Correlation is a single number between \(-1\) and \(1\) that measures how strongly two variables move together in a straight-line way. In this post, we’ll see that it can be understood in three equivalent ways:
- Covariance of normalised variables – the expected product of their z-scores.
- Cosine of an angle – measuring alignment between two vectors.
- Regression view – the square root of the proportion of variation explained by a simple linear regression.

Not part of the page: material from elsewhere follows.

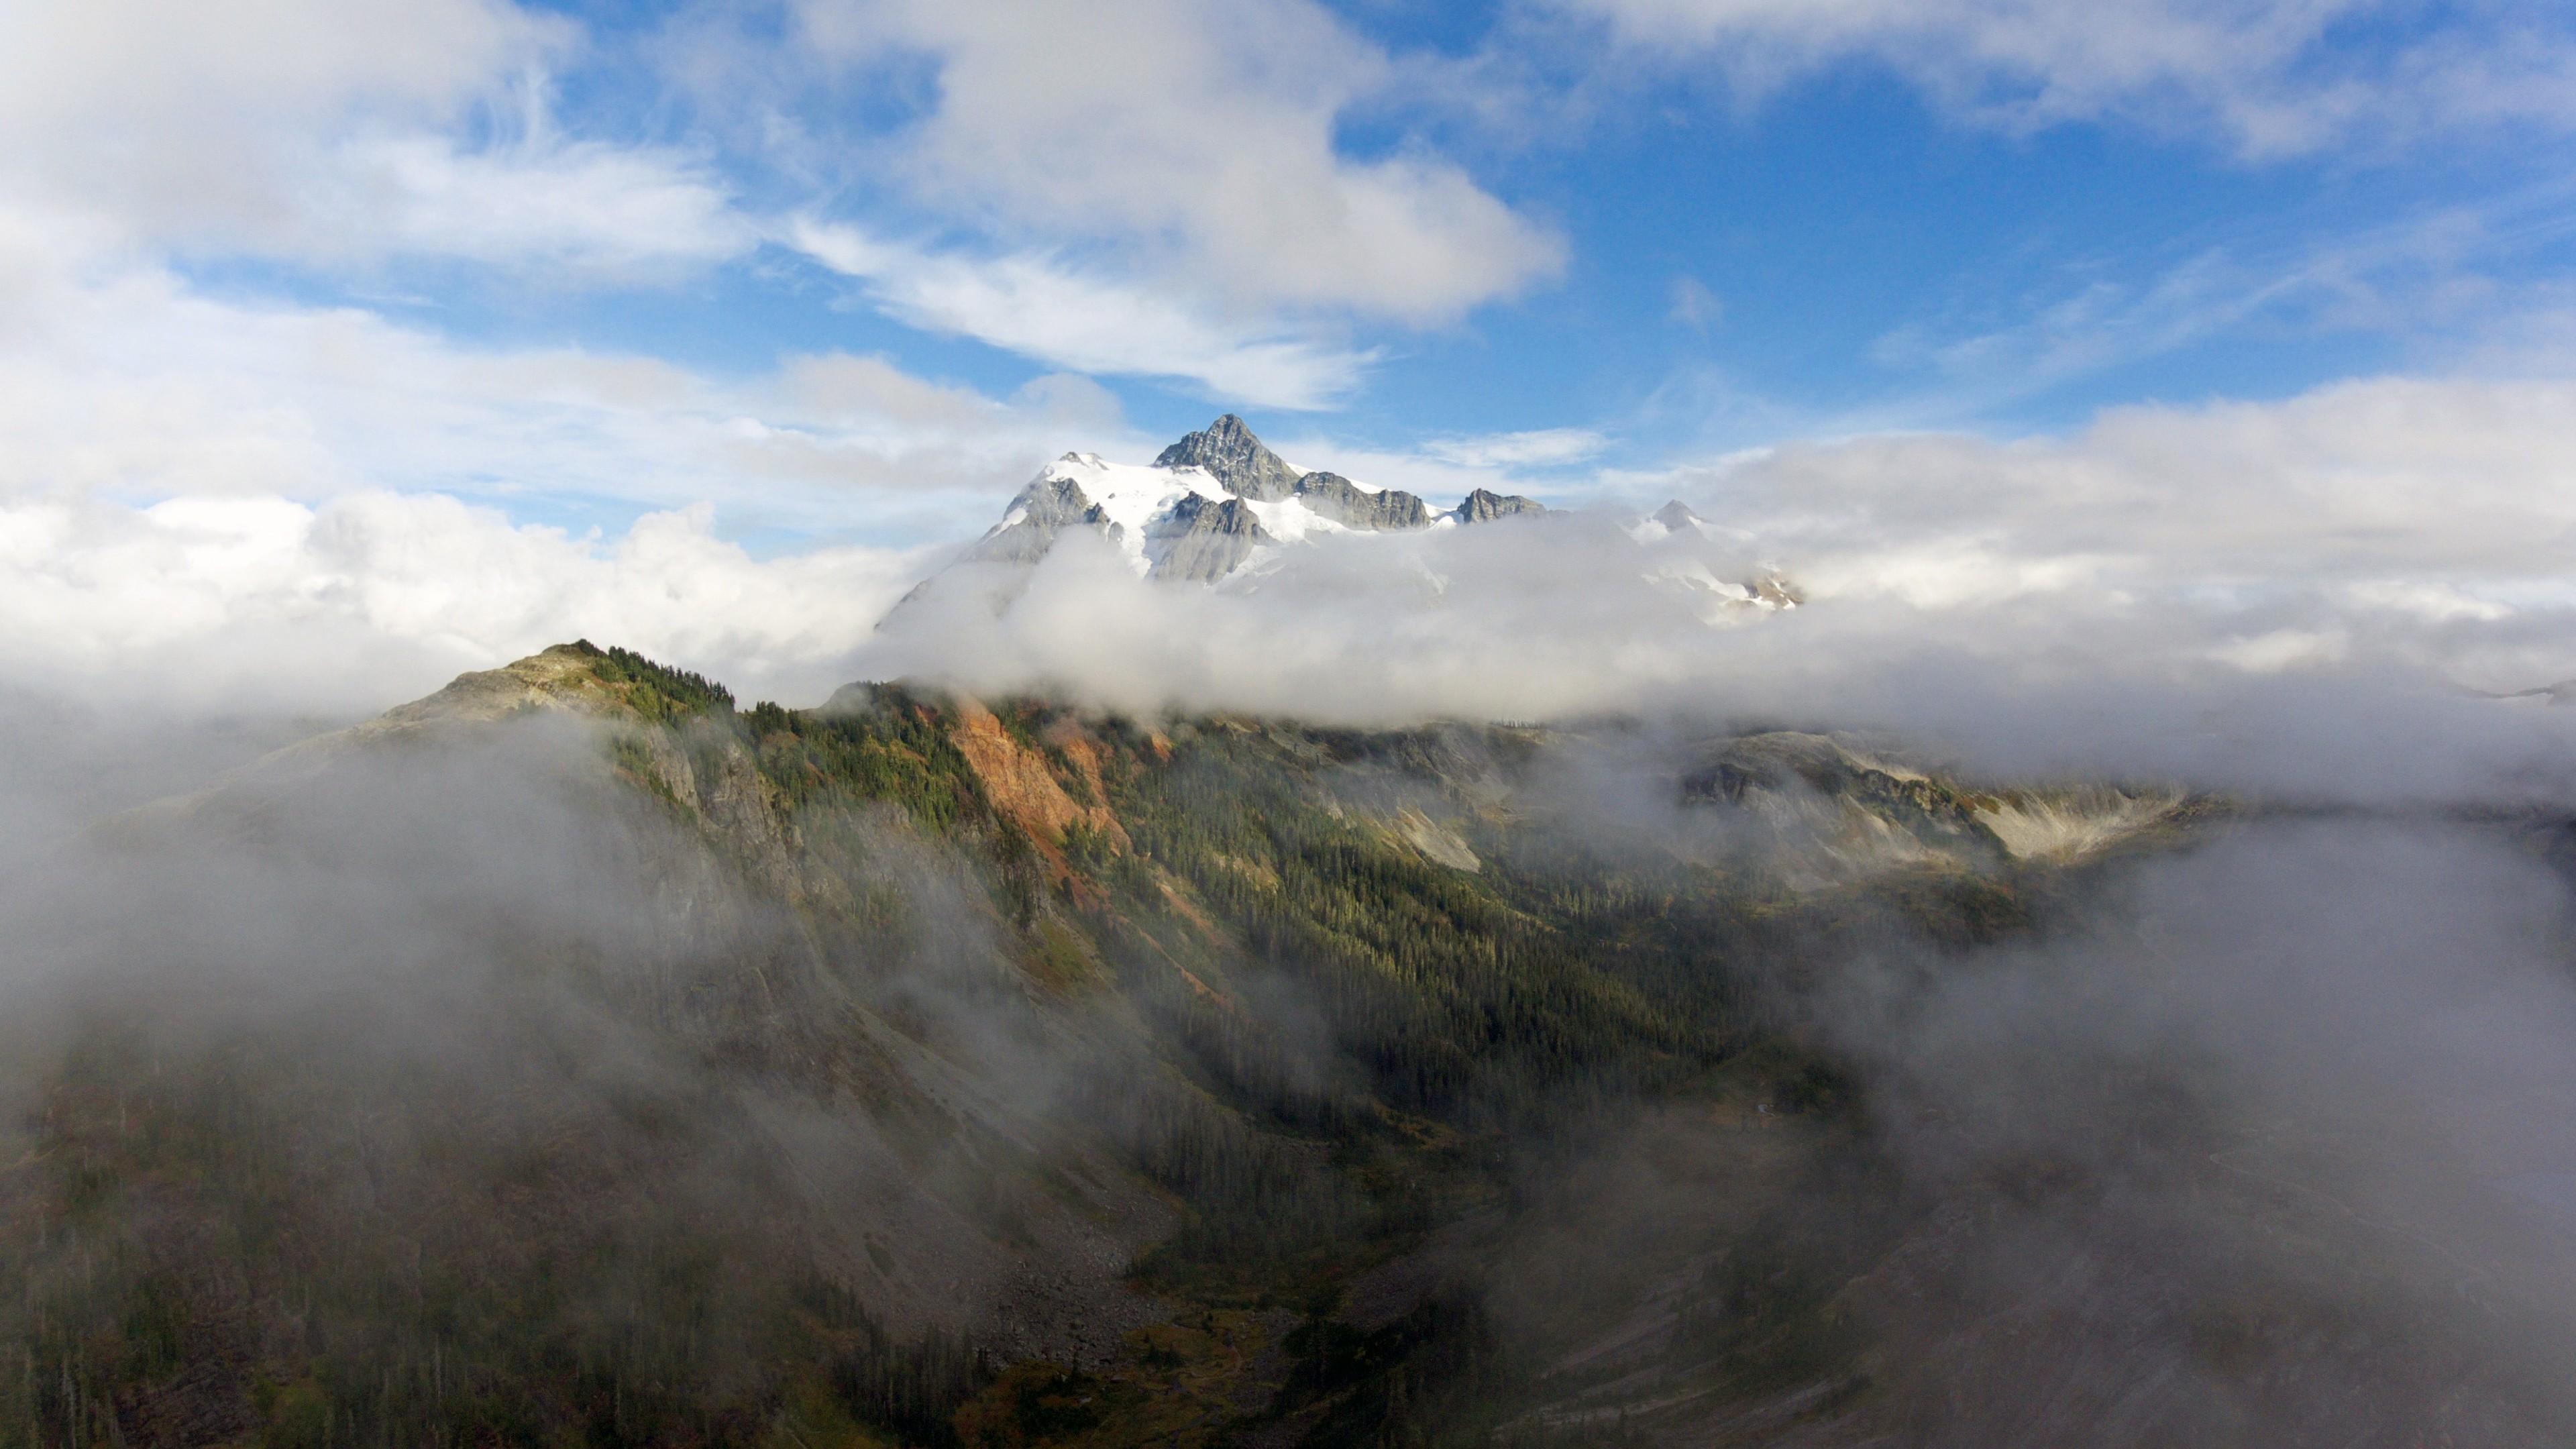 Wallpaper mountains 5k 4k wallpaper forest clouds Nature 12598 3840x2160

We’ll prove why correlation is always between \(-1\) and \(1\), when it reaches those extremes, and why shifting or scaling the variables doesn’t change it — all using just covariance and the Cauchy–Schwarz inequality. Along the way we’ll build both statistical and geometric intuition.
Before diving into formulas, it helps to picture what correlation means. Imagine a scatterplot of \(X\) versus \(Y\):
- Tight cloud along a positive slope → correlation near \(+1\).
- Tight cloud along a negative slope → correlation near \(-1\).
- Diffuse, round cloud with no slope → correlation near \(0\).
The tighter the points hug a straight line, the closer the correlation is to \(\pm 1\). The sign tells you whether the slope is up or down.
Formal definition of Correlation
Mathematically, the Pearson correlation is defined as
$$\rho_{X,Y} = \frac{\mathrm{Cov}(X, Y)}{\sigma_X , \sigma_Y}$$
where
$$\mathrm{Cov}(X, Y) = E\big[(X – \mu_X)(Y – \mu_Y)\big]$$
is the Covariance and \(\sigma_X, \sigma_Y\) are the standard deviations.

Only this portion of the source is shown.